A young man and his cup of coffee

Some of the traveling for my part-time gig involves staying in hotels. And recently I have become enamored with the one-cup coffee makers often found in my room.

Such machines have been sold for some time but have really caught on, despite what ultimately becomes a steep price for one cup of coffee at a time. The Keurig “K-Cup” is not just a brewer but a coffee “brewing system.” Green coffee beans are packed into the plastic container and brewed as a cup of Joe once overrun with hot water. That it is such labeled as a system no doubt contributes to it $100-plus price tags.

The one-cup machines I have frequently used when in hotels contain a packet or pouch that can be laid into the brewing holder and water is poured into a reservoir inside the brewer.

Since I frequent stores as part of my job I have been looking for one-cup brewers. Alas, I had only found those cheaper than $80 to $100-something until yesterday.

Inside a store that I am forbidden to identify I found a Kitchen Selective brewer for $16. With tax it came up one penny shy of $17.
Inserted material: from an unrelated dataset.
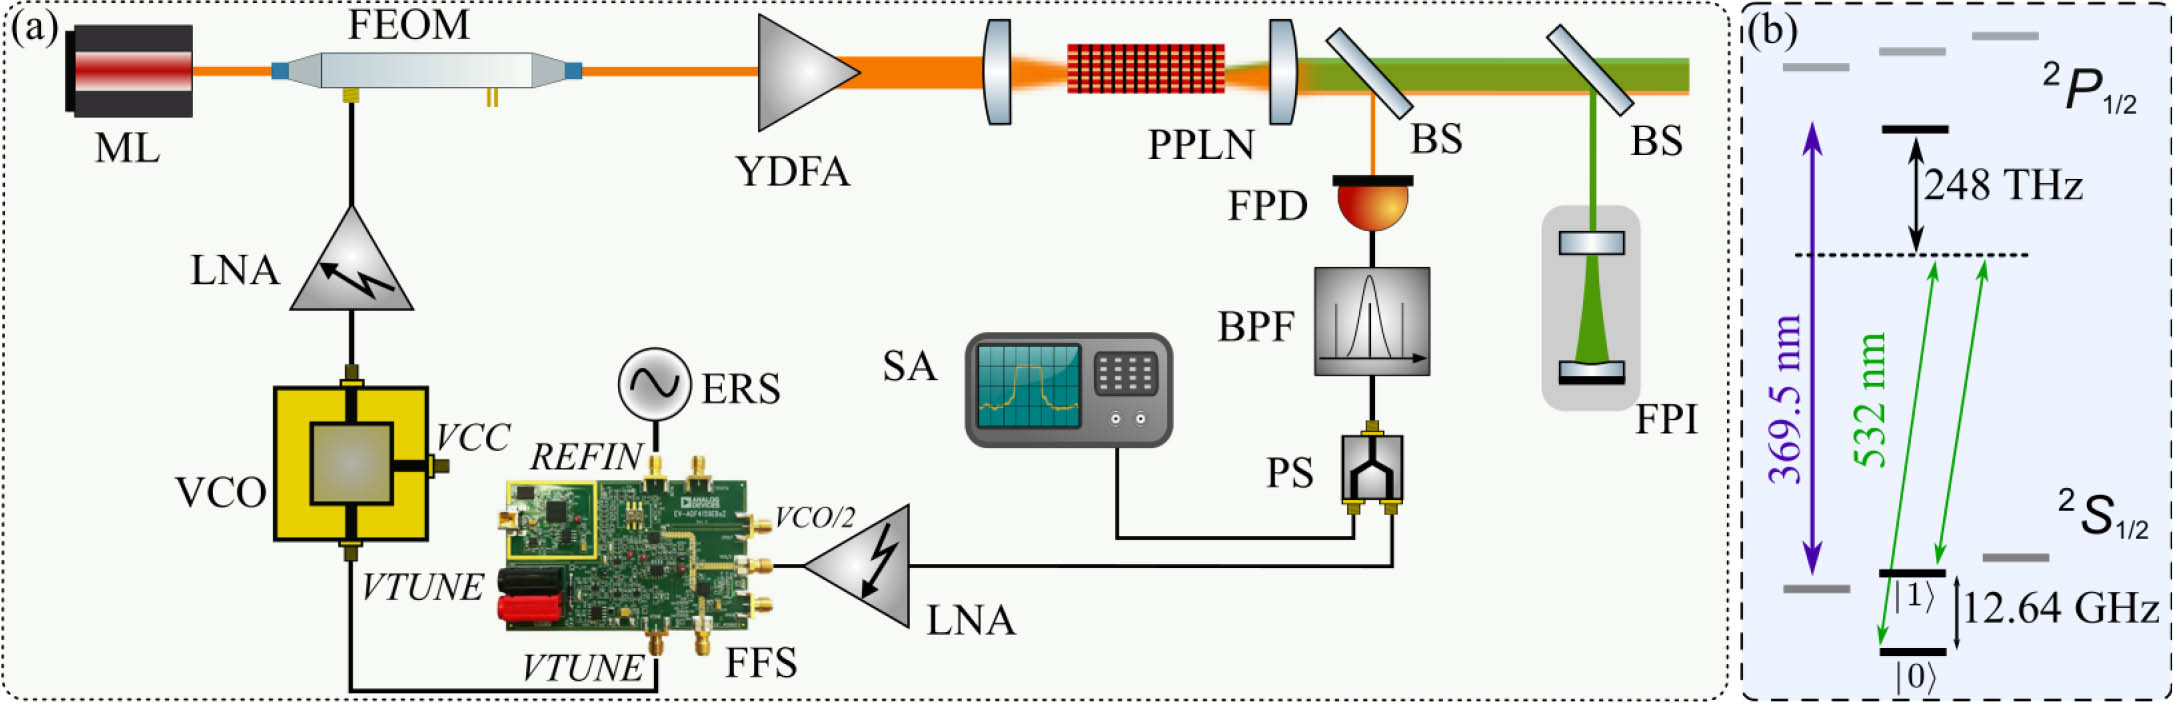 (a) Schematic of the experimental setup. Some concerned ports of the FFS chip and the VCO chip are marked by italics in the figure. (b) Energy level schematic of the 171Yb+ qubits. The energy levels associated with the stimulated Raman transition (SRT). Here, we utilize two 532 nm optical fields with a frequency difference of 12.64 GHz to implement the SRT. The transition wavelength for Doppler cooling is 369.5 nm. ML, monochromatic laser; FEOM, fiber electro-optic modulator; YDFA, ytterbium-doped fiber amplifier; BS, beam splitter; PPLN, periodically polarized lithium niobate; LNA, low-noise amplifier; FPD, fast photoelectric detector; VCO, voltage-controlled oscillator; ERS, external reference signal; PS, power splitter; SA, spectrum analyzer; FFS, fractional-N frequency synthesizer; FPI, Fabry–Pérot interferometer.

The feature in the model I bought is its reusable, so-called “permanent,” filter along with a white ceramic mug. I just now brewed my first cup and it tasted good, though I probably could have put a bit more Folgers grounds into the filter. I will see how the machine holds up and note the quality of my cup of Joe.

Now, I probably could have woven into what I have just written, an anecdote, maybe two, of my tale of a cup of Joe. But unfortunately, for whom I’m not certain, I am writing this in the middle of laundry. That will come off as a flimsy excuse once you finish reading this, but a flimsy excuse is better than no excuse at all.
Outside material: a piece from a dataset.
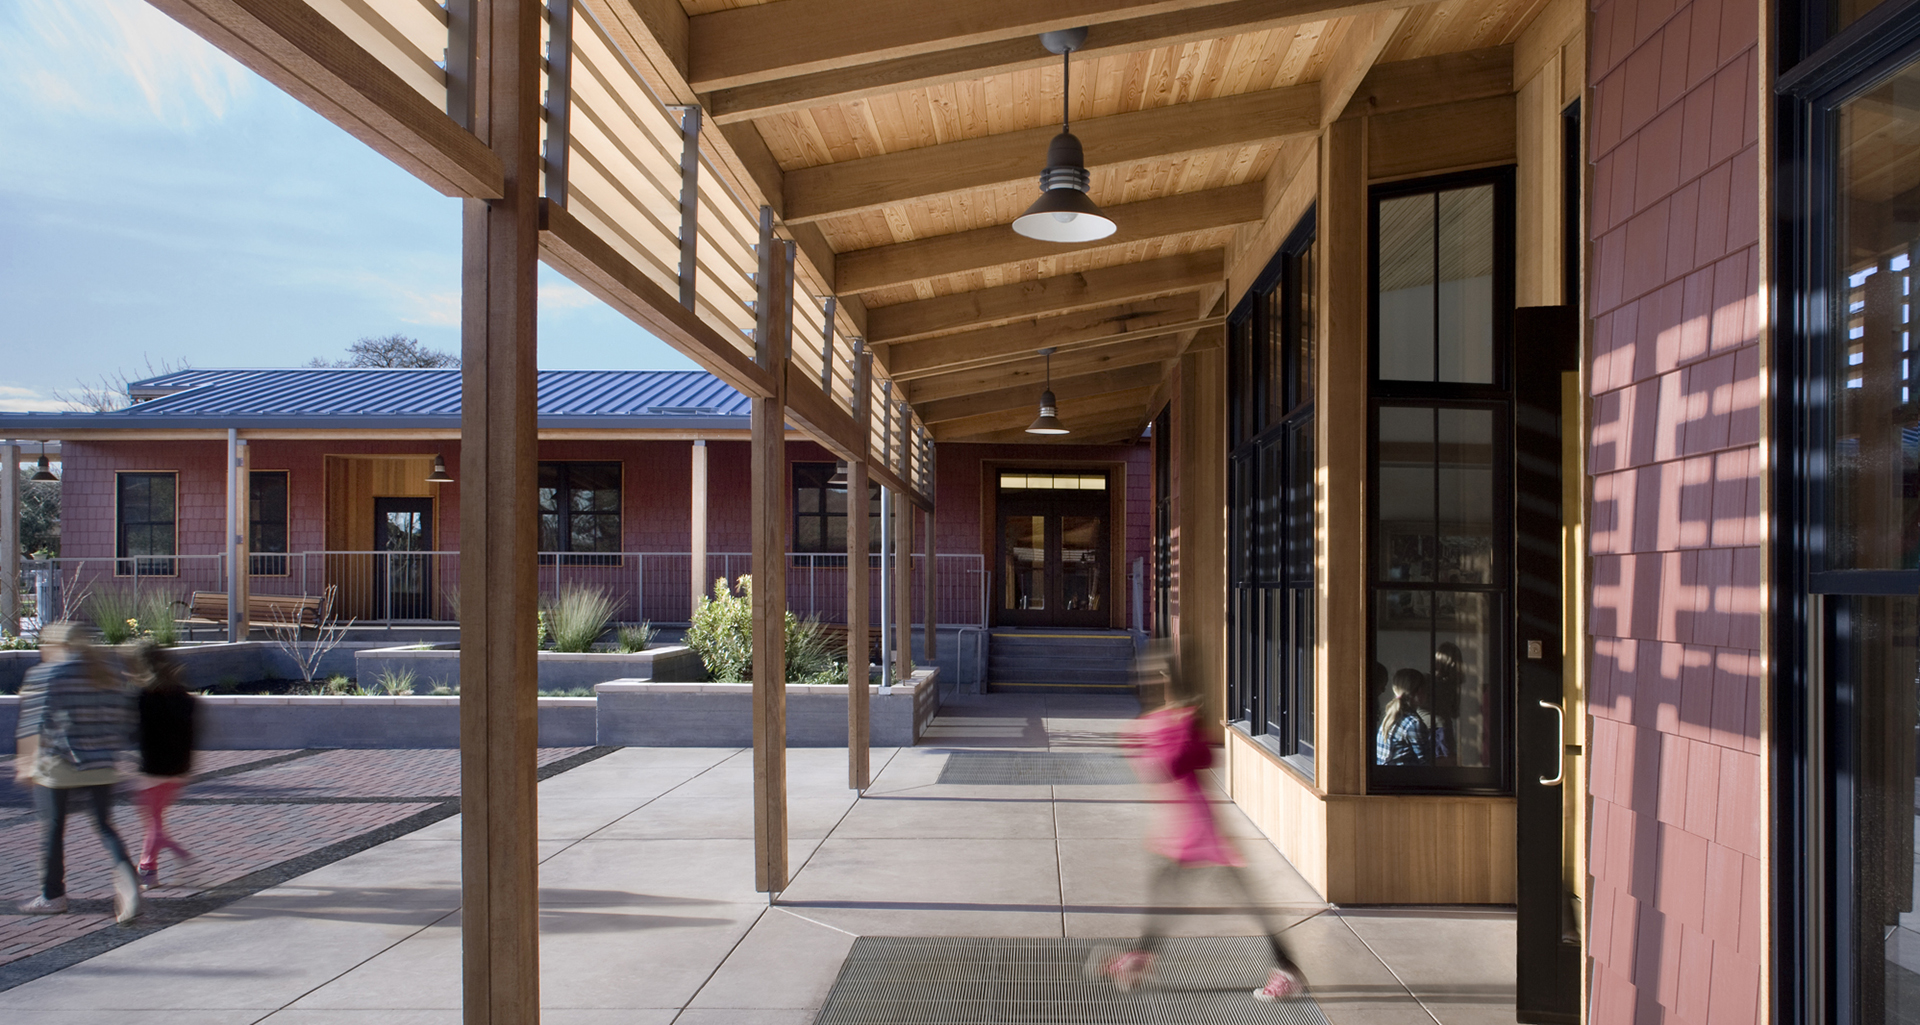 Yountville Town Center & Library | Photos by David Wakely

In the Navy — Clap for a cup of Joe

My post-high school days were spent in the service of the United States Navy. I may need not, but will mention that this was in the final days of the Vietnam War. By final, I mean the peace accords had been signed, the draft was no more and the finale was the fall of Saigon (and the remainder of what was South Vietnam) to the Socialist Republic of Vietnam, a.k.a. the North, or the “commies.” The latter took place about nine months after I enlisted but the closest I got to Vietnam was several hundred miles away while transiting the South China Sea enroute to the Philppines.

Today, I normally drink about two cups of coffee a day, though I usually partake of a cup of iced tea at lunch and take it with me. The tea gets watered down sometime and usually doesn’t provide much of a caffeine blast. Likewise, that all is about the sum of my total caffeine intake.

That wasn’t the case during the days I spent in the Navy.

I used to drank coffee like a fiend and did so pretty much for about 30 years. Somewhere down the line. I decided about two cups were all I needed of the stuff.

Now coffee, like getting s**tfaced and chasing women, were pretty much ground into Navy culture. Pardon the pun. That was at least the case of the male-dominated society during my tour from 1974-1977. The Navy even explained why coffee was an important part of the life and culture on film while I was in Boot Camp at Great Lakes, Ill. The training film I saw was named “A Cup of Joe.”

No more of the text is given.